Na disputa entre vinhos do Velho e do Novo Mundo, não há vinho melhor nem pior.

Como já defendido no post Esse Vinho é bom? Ou Esse Vinho é ruim?, há vinhos que agradam ao seu paladar e vinhos que desagradam, e há vinhos que você pode pagar e podem valer a pena, e vinhos que você não pode pagar e podem não valer a pena.

O seu estilo preferido de vinho é só seu, e não precisa ser igual nem parecido com o estilo de ninguém.No entanto, é bem verdade que há os tipos de vinhos mais adequados para cada ocasião. Festas, jantares, churrascos, happy hours, reuniões de negócios etc, cada um desses eventos pede o tipo certo de vinho.

E há também os tipos de vinhos que podem (e devem) ser servidos sozinhos, os chamados “vinhos para degustação”, que ficam muito melhores se bebidos sozinhos, pois perdem parte de suas características se acompanhados de refeiçoes ou petiscos.

Mas o assunto sobre os tipos de vinhos mais adequados para cada ocasião é bastante complexo, e abordaremos isso mais detidamente em um outro momento.Sem prejuízo disso, o conhecido “abismo” entre a considerada sofisticação e complexidade dos vinhos do Velho Mundo em relação à considerada simplicidade dos vinhos do Novo Mundo vem sendo minimizado gradativamente.

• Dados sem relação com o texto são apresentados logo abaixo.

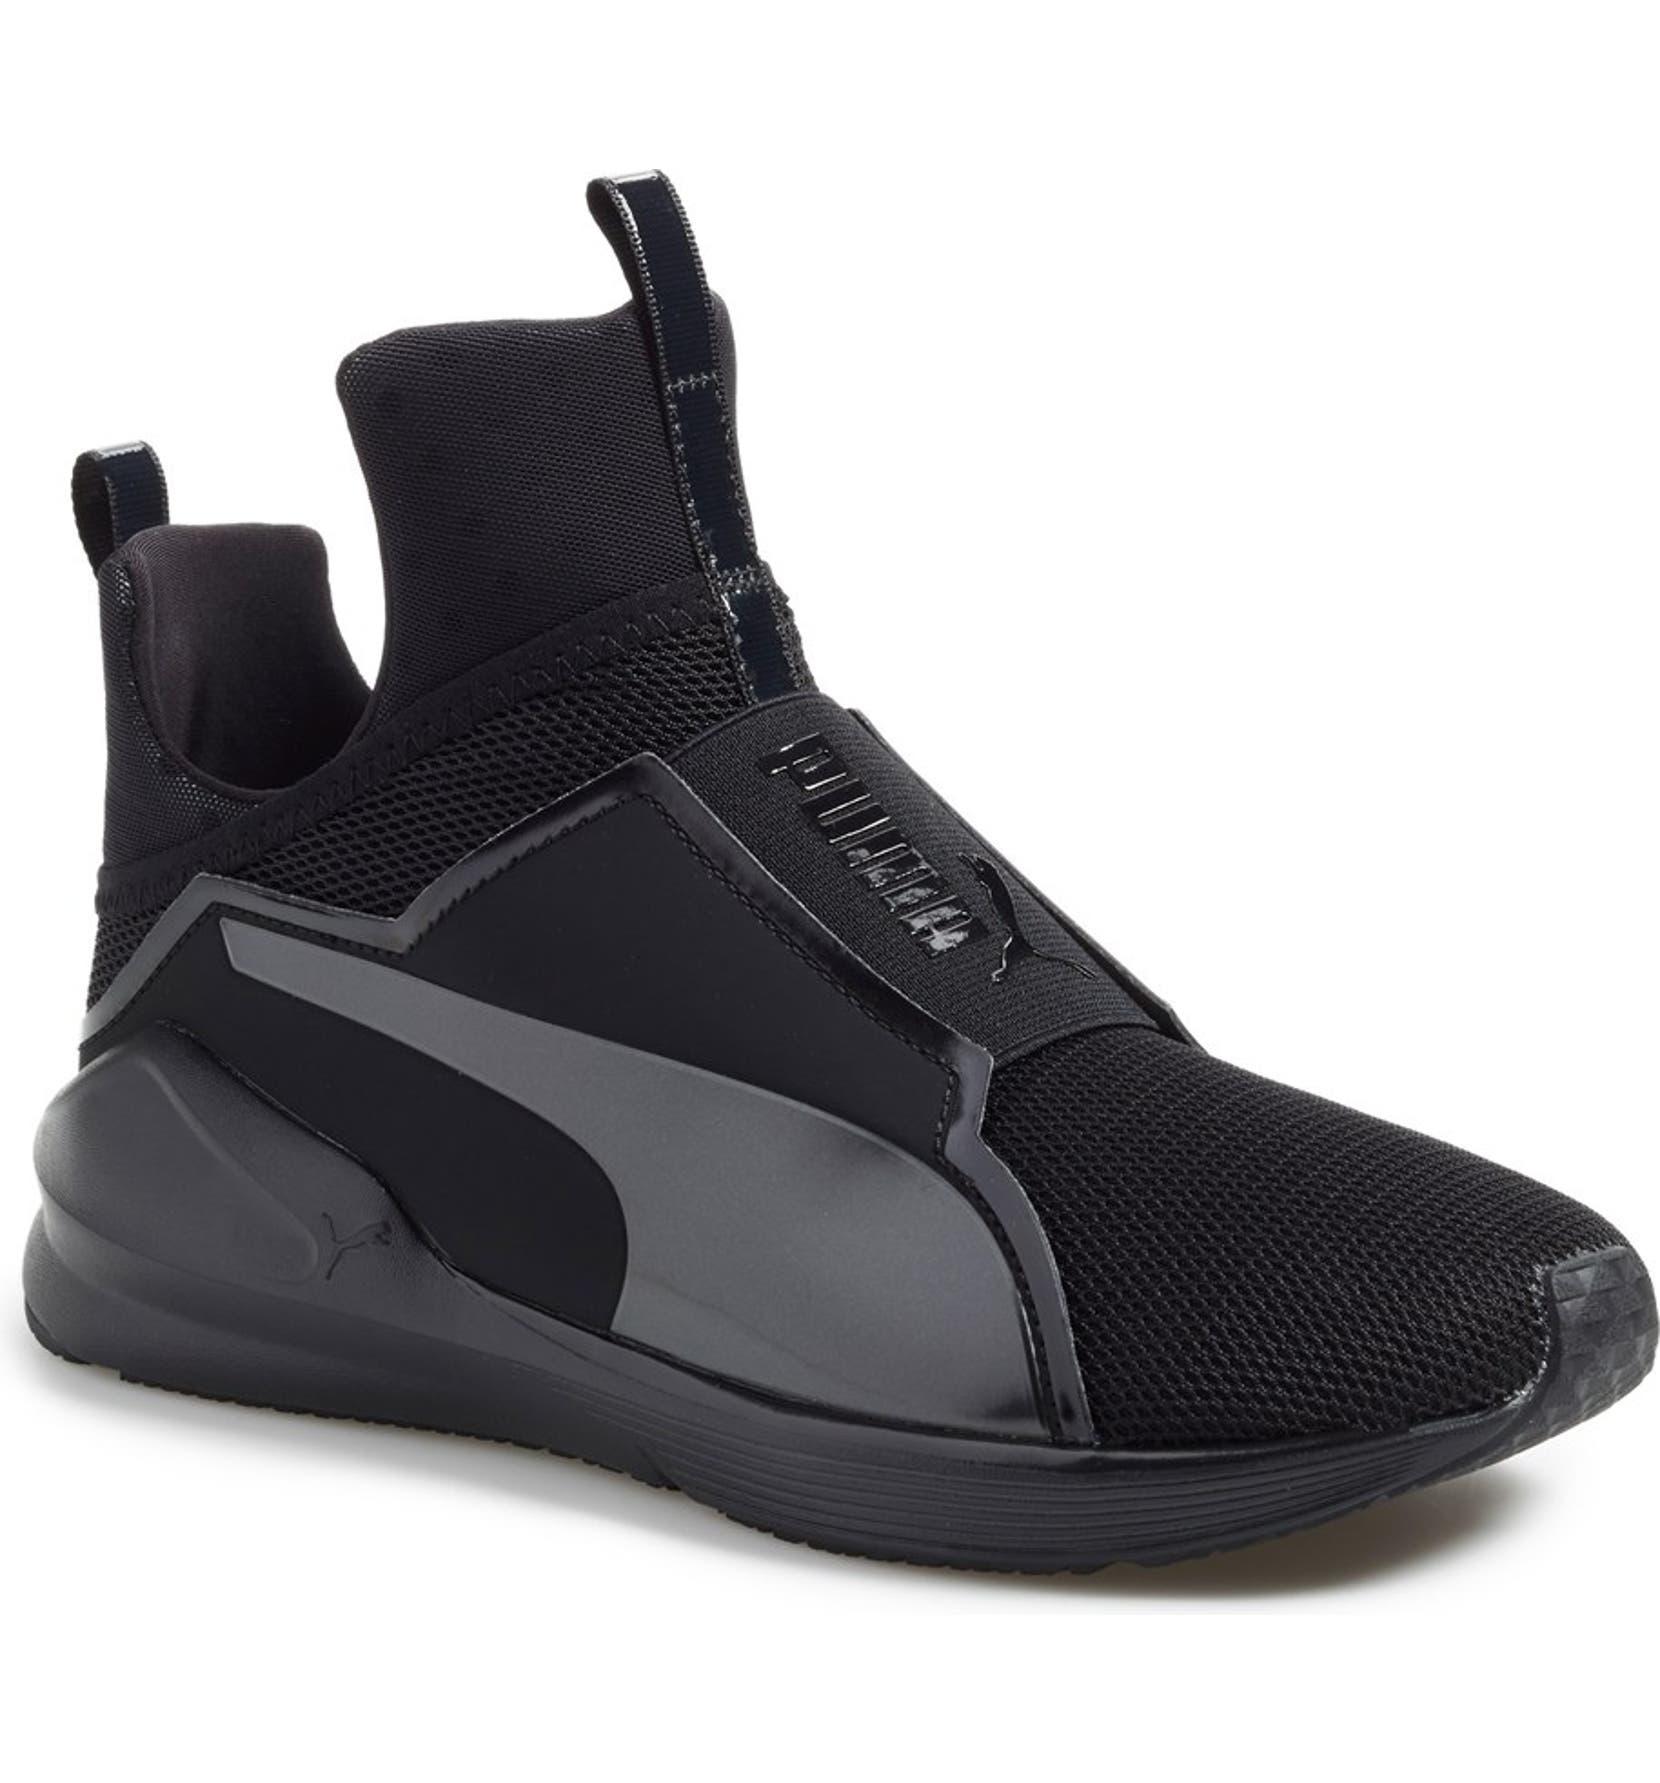 sale retailer de572 eacb9 'Fierce Core' High Top Sneaker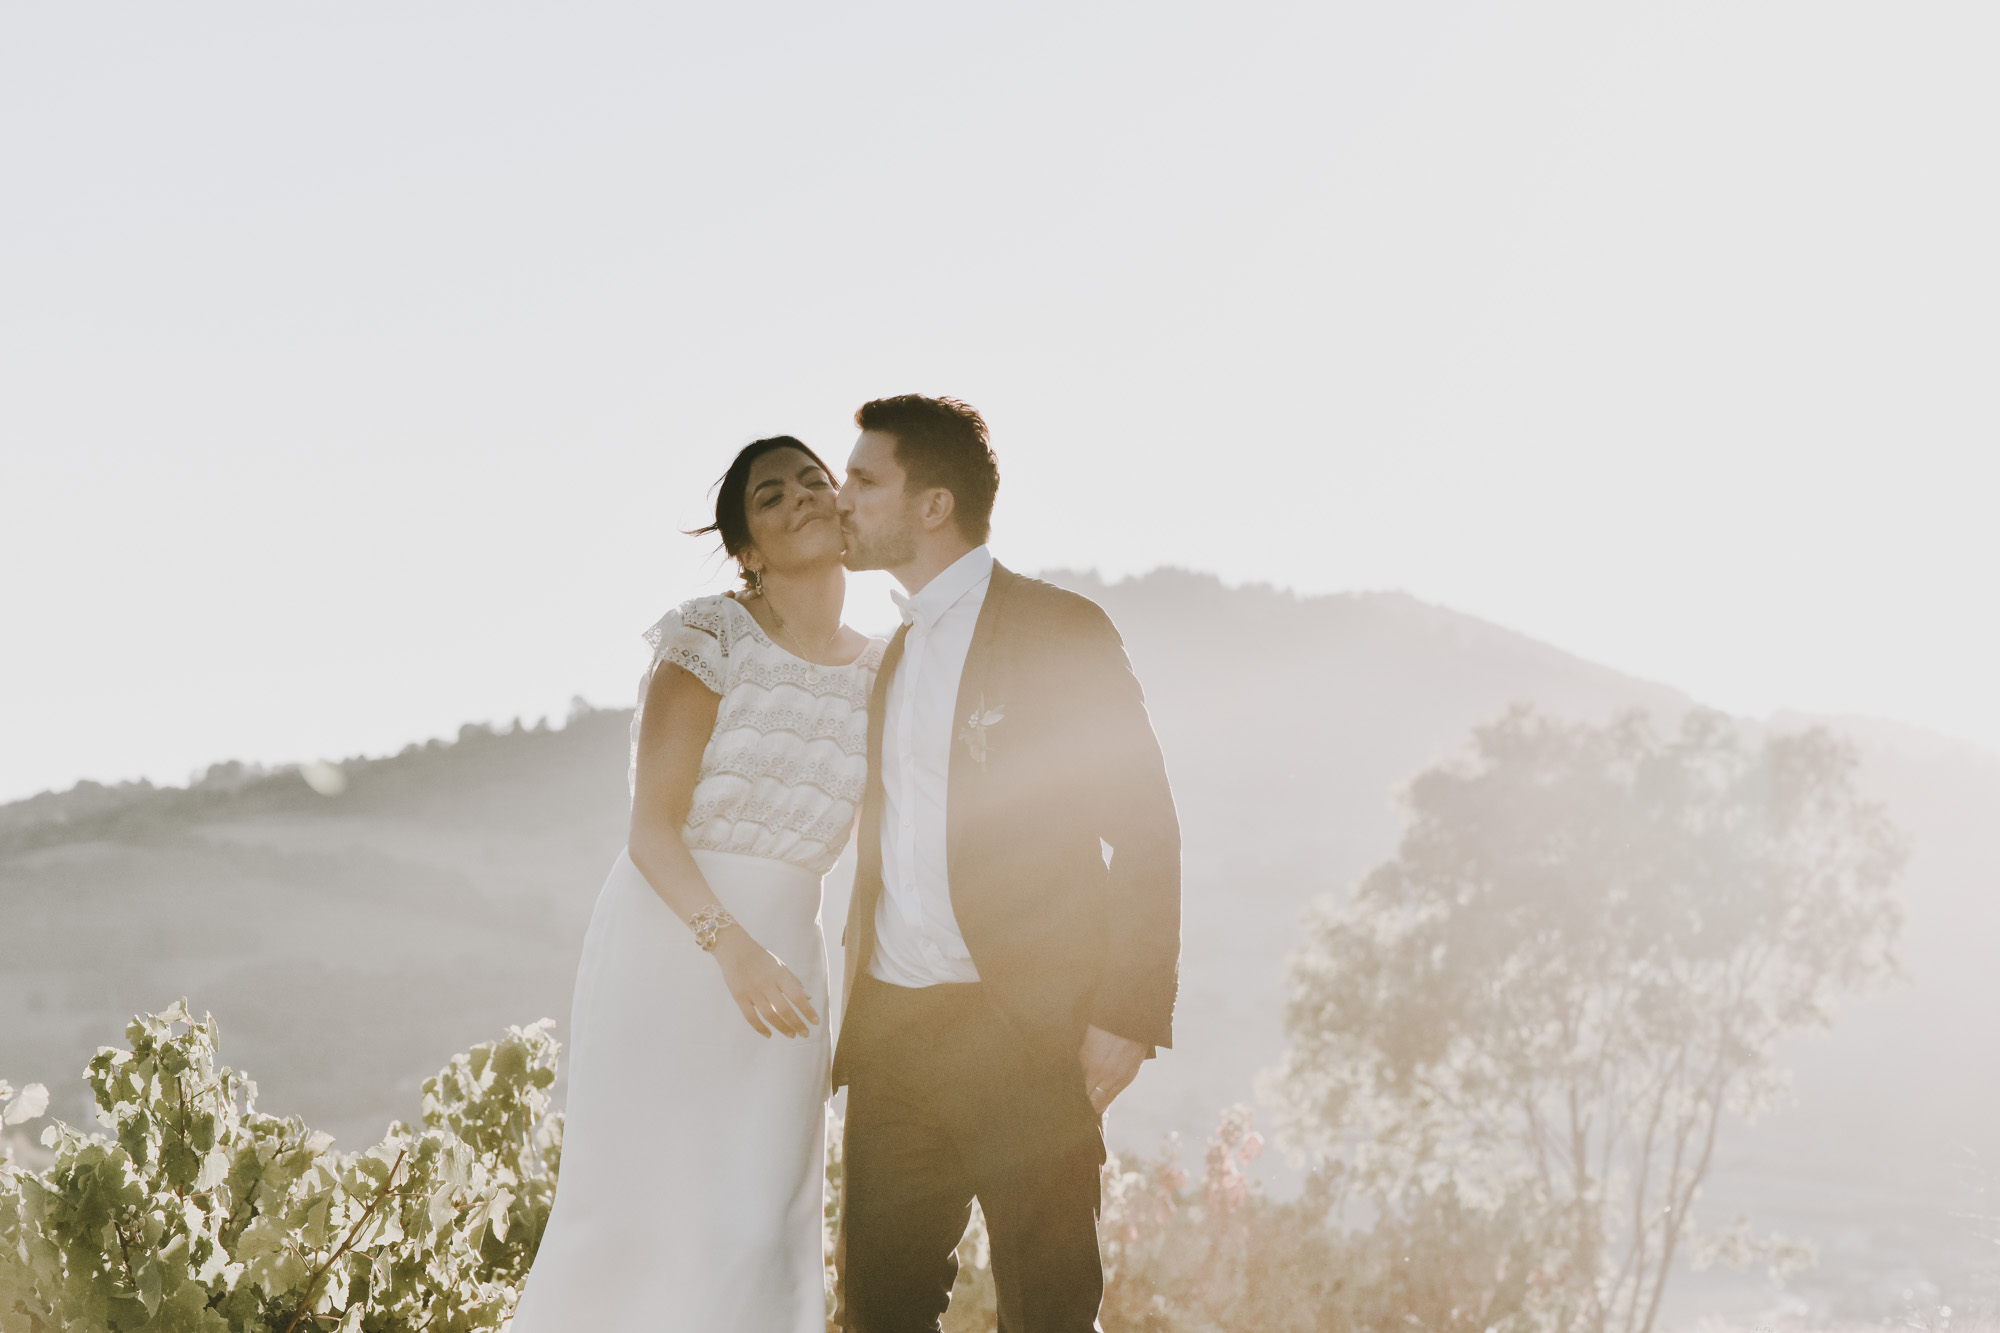 2018-09-08 - LD8_6155 - photographe mariage lyon - laurie diaz - www.lauriediazweeding.com.jpg

Exemplo disso é que ocorre hoje na região da Toscana, onde vários produtores abandonaram o engessamento e rigidez para a produção de vinhos DOC e DOCG, e estão a produzir os SUPER TOSCANOS (ou os “vinhos fora da lei” da Toscana), e que estão sendo produzidos com uvas internacionais como a Cabernet Sauvignon, Merlot e Pinot Noir, em vez de serem produzidos apenas com as uvas regionais típicas.São vinhos de caráter mais jovem e que apresentam características bem diferentes em relação aos vinhos tradicionais ali produzidos, e, tal como os do Novo Mundo, são mais frutados, mais alcoólicos, mais “amadeirados” e menos complexos. Os produtores dos SUPER TOSCANOS estão a utilizar de métodos mais modernos e tecnológicos de produção, com o emprego de colheita mecânica, irrigação industrial, vinhas projetadas, e tudo o mais que não seria permitido na produção de um vinho italiano DOC ou DOCG.

Portugal vem em seguida, produzindo excelentes vinhos também com diferentes características.Semana passada degustei às cegas um excelente vinho português (vejo o nome e incluo aqui depois) que tinha todas as característica de um vinho do Novo Mundo, mais precisamente de um vinho chileno, no dizer da maioria que ali estava. E aquele vinho português surpreendeu a todos.

E o contrário também é absolutamente verdadeiro: o Novo Mundo, tendo a tecnologia como sua aliada, está a produzir excelentes vinhos de grande complexidade e enorme potencial de guarda, dignos de rivalizar e até vencer qualquer competição com os vinhos mais tradicionais do Velho Mundo.Isso inclusive já aconteceu no episódio que ficou conhecido como “O Julgamento de Paris”, ocorrido em 1976, no qual um vinho branco e um vinho tinto produzidos na região de Nappa Valley, na Califórnia, venceram em uma degustação às cegas os vinhos franceses mais famosos e bem conceituados do mundo.

Esse evento foi um marco no mundo do vinho, e colocou os vinhos do Novo Mundo definitivamente no Mapa! Para saber mais leia o post O Julgamento de Paris.

E aí, qual o seu estilo de vinho? Velho Mundo? Ou Novo Mundo?